Pharmacological Immunomodulation in Covid 19

Covid 19 is characterized by hyperresponsiveness of immune system and when disease progresses, systemic proinflammatory cytokines and biomarkers are elevated and immune modulators have the potential to inhibit cytokines and to treat the cytokine storm. The cytokine dysregulation and influx of inflammatory myeloid cells can lead  acute respiratory distress syndrome (ARDS), multiorgan dysfunction and death [1]. The macrophage activation syndrome (MAS)-like pulmonary immunopathology and the direct endothelial damage leads to micro- and macrothrombotic episodes.

Immunomodulator drugs either stimulate or suppress the immune system, modulate the immune response, including both adaptive and innate immunity, may significantly reduce hyperinflammation. Specific Immune Modulators such as anti-cytokines, the Interleukin (IL)-1 Receptor antagonists by inhibiting the proinflammatory cytokines IL-1α and IL-1β is effective in treating MAS[2]. IL-6 Receptor Antagonists, Tocilizumab (Actemra®) is a recombinant humanized anti-human IL-6 receptor monoclonal antibody can specifically bind the membrane-bound IL-6 receptor (mIL6R) and soluble IL-6 receptor (sIL6R), thereby inhibiting signal transduction, a possible therapeutic option for CRS of severely ill COVID-19 patients who have extensive lung lesions and high IL-6 levels [3].

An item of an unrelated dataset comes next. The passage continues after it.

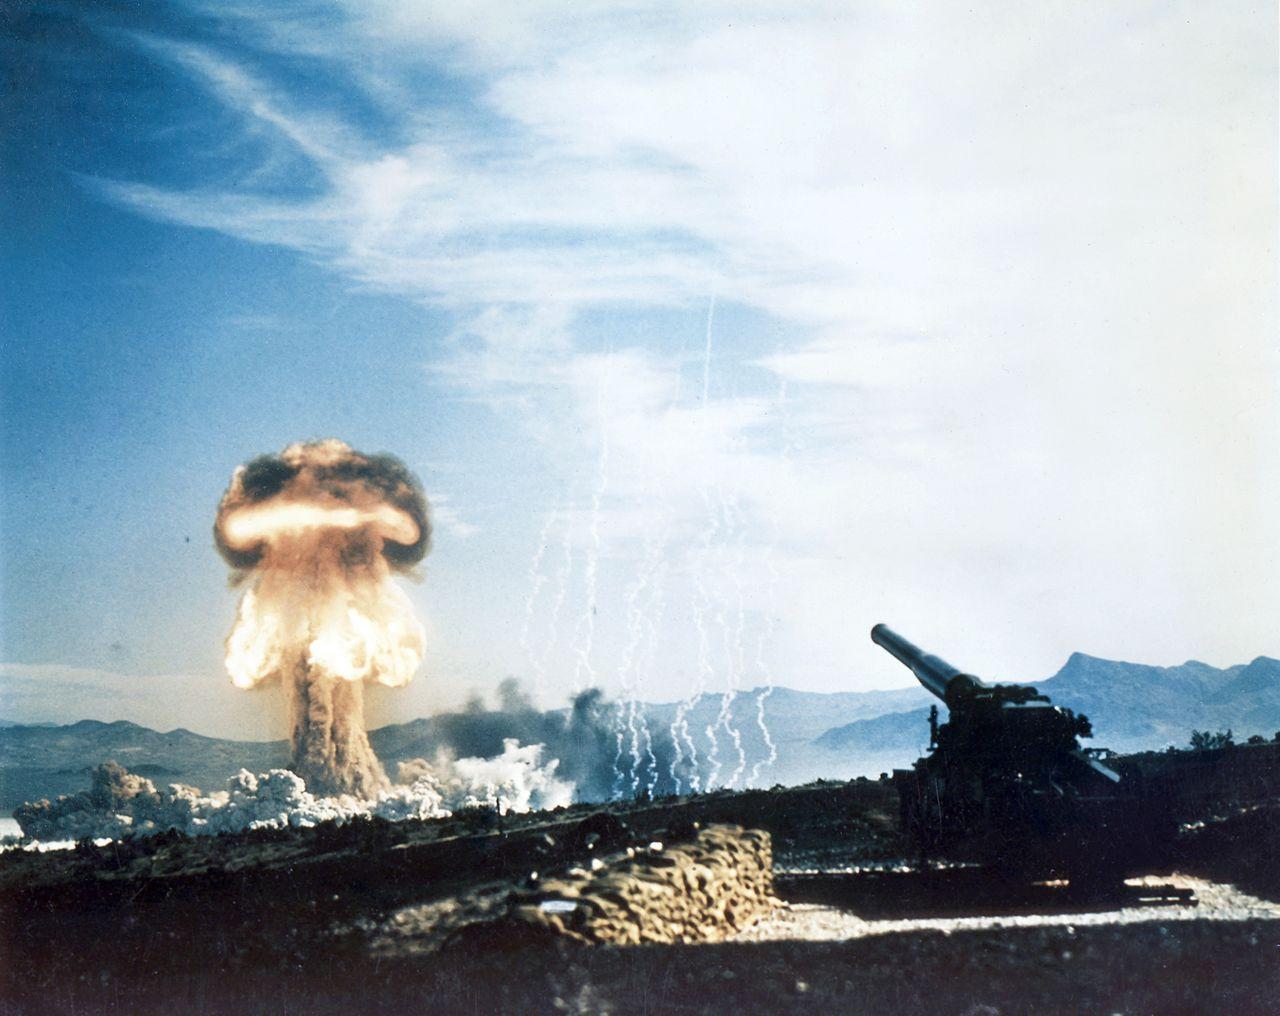 1280px-Nuclear_artillery_test_Grable_Eve

Ruxolitinib (Jakafi®), a potent and selective oral inhibitor of both JAK1 and JAK2 protein kinases, interrupts signaling downstream of multiple proinflammatory cytokines, which constitute the cytokine storm and increased activation of the JAK-STAT pathway. Nebulized sargramostim 125 μg twice daily for 5 days is an effective strategy for pneumonia-associated ARDS. High-dose IVIG at a dose of 0.3–0.5 g/kg/day for 5 days normalize body temperature within 1–2 days but thromboembolic complications were reported in some cases. Low-dose dexamethasone (6 mg once daily, orally or intravenously) for 10 days reduced deaths by one-third in patients on mechanical ventilation in RECOVERY trial.

Triple antiviral therapy of lopinavir/ritonavir, ribavirin, and nebulized IFNβ-1b could shorten the duration of viral shedding. Statins inhibit MyD88 pathway and tend to preserve MyD88 levels during hypoxia and stress confer a protective effect in COVID-19 patients. Recombinant human ACE (rhACE2) is a novel therapy for acute lung injury. Macrolides, azithromycin and clarithromycin, are antibiotics with immunomodulatory and anti-inflammatory effects, downregulate proinflammatory cytokines and known to prolong the QT interval and potentially increase the risk of sudden cardiac death in combination with other QT-prolonging therapies such as chloroquine. Patients with elevated CRP and/or lymphopenia are most benefit from hydroxychloroquine. By increasing endosomal pH and disturbing the glycosylation of cell surface receptors, these medications provide an important defense against viral entry and replication, may bind to gangliosides with high affinity, thus preventing SARS-CoV-2 from binding with the ACE-2 receptor, but RECOVERY trial & ORCHID study showed a lack of evidence of efficacy and patients receiving hydroxychloroquine plus azithromycin were more likely to have cardiac arrest.

Targeting PGD2/DP2 signaling as an immunotherapeutic approach for immune dysfunction and lymphopenia, characteristic features of COVID-19 disease. Ramatroban (Baynas®) is a potent, reversible, and selective antagonist of PGD2/DP2 receptors that has been shown to inhibit PGD2-stimulated IL-13 secretion, used orally as a therapeutic agent in the context of COVID-19. SARS patients who received convalescent plasma within 14 days after the onset of symptoms manifested better outcomes. Immunomodulatory (mesenchymalstem cell transplantation) improves pulmonary function within 2 days after MSCs transplantation, having anti-inflammatory and anti-fibrotic effects with regenerative potential in vascular dysfunction of Covid-19.

These cells are ACE2 and TMPRSS2 negative, making them a good cell target not influenced by SARS-CoV-2 infection and used to treat covid-19 intubated-ventilated patients presenting with Acute Respiratory Distress Syndrome of less than 96 h. (very small embryonic like stem cells (VSELs) have the ability to support endothelial cells angiogenic potential and counteract lymphopenia. Both immunosuppression and immunomodulation could serve as potent COVID-19 pharmacotherapies when they are administered in an appropriate disease stage/severity. Complement C5a inhibition with vilobelimab in a single placebo-controlled trial showed a mortality benefit Of the JAK inhibitors, baricitinib is the most thoroughly studied with the largest survival benefit effect and low risk of serious adverse events [4].